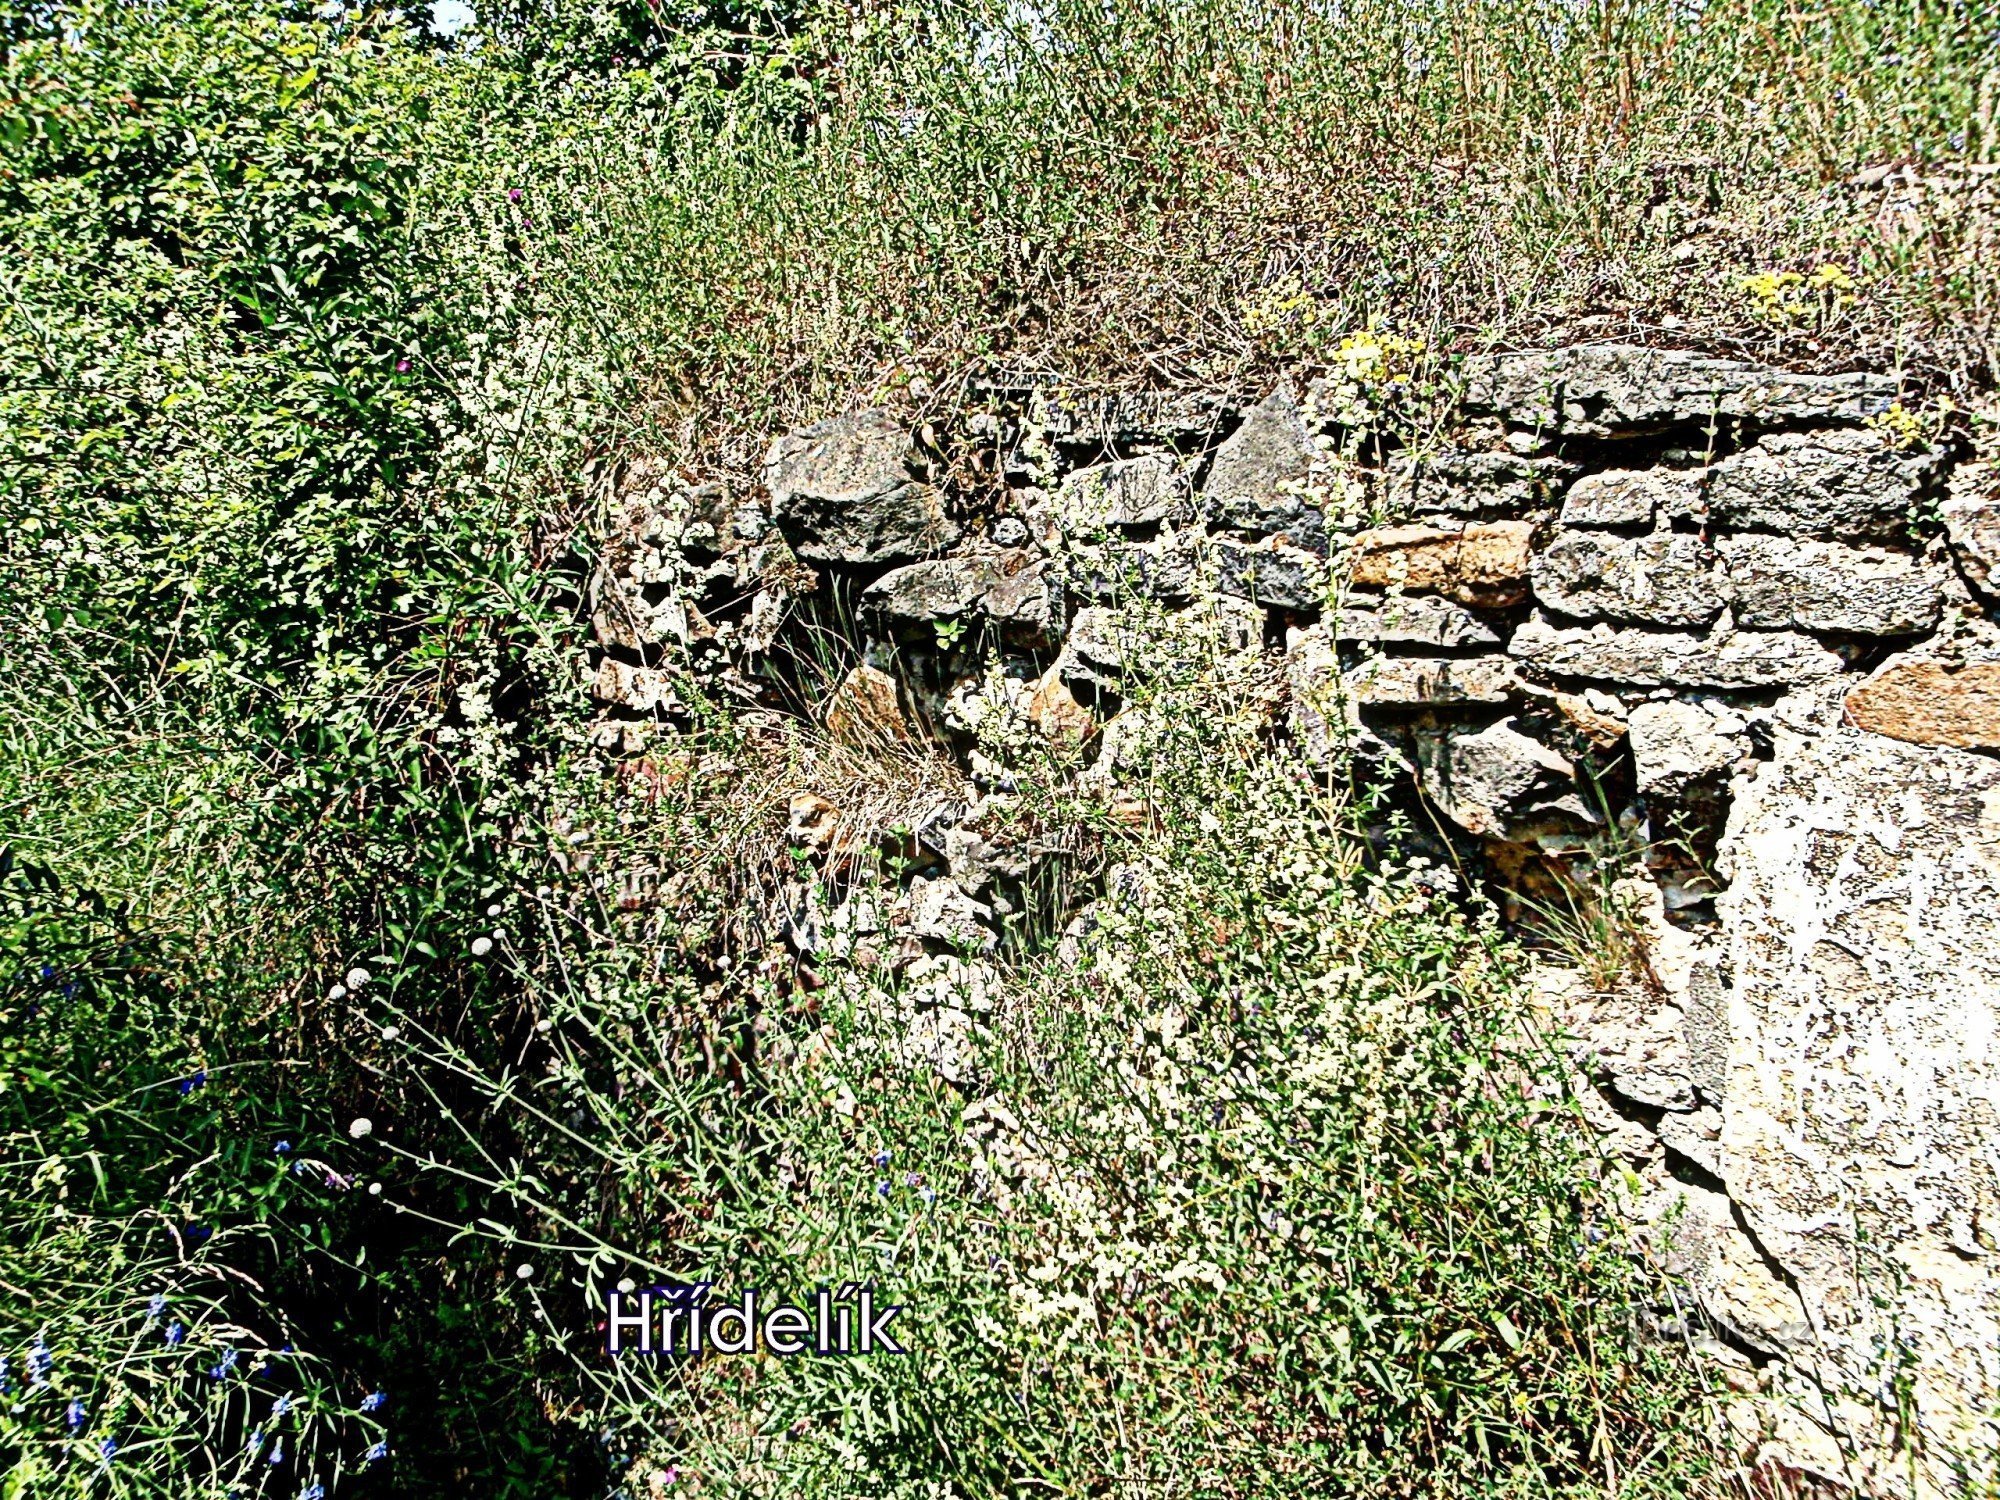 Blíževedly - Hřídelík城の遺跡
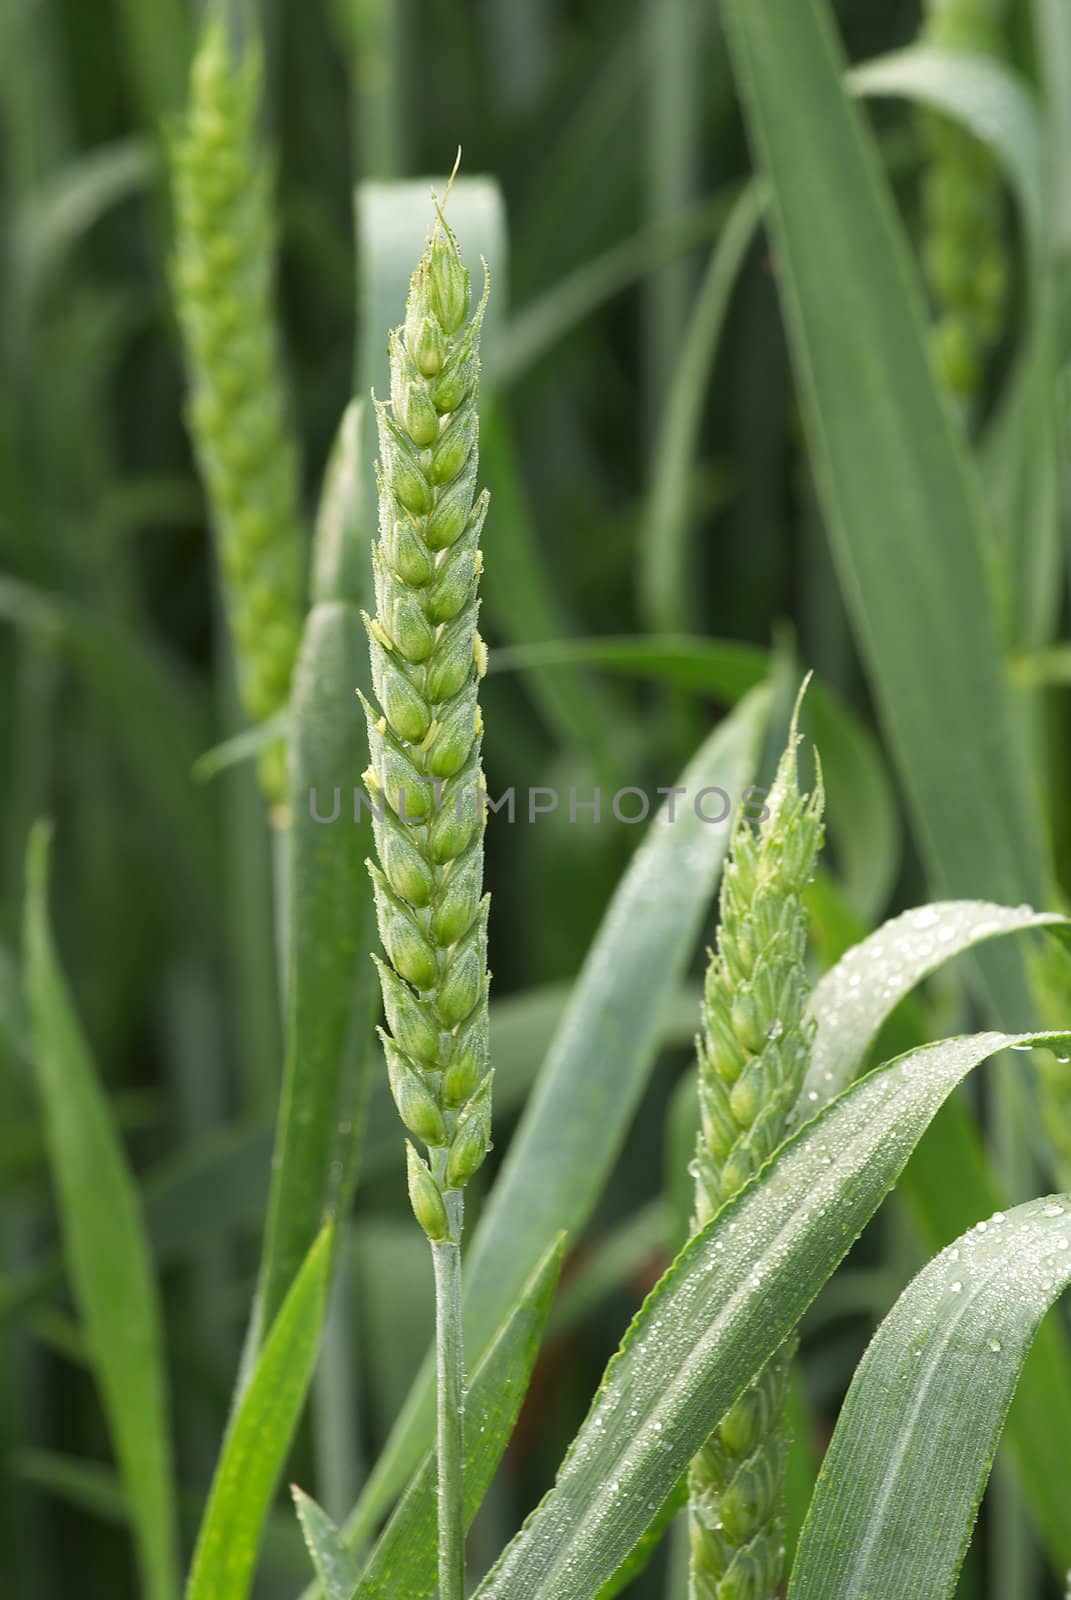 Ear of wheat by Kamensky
**********
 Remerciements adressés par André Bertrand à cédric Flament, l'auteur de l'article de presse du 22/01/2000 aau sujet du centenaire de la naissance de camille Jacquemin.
**********
Assignment
The answer must be the lines above from the one containing "Blíževedly - Hřídelík城の遺跡" through the one containing "Ear of wheat by Kamensky", reproduced exactly, with no pictures and nothing else.

Task response
 Blíževedly - Hřídelík城の遺跡
 Ear of wheat by Kamensky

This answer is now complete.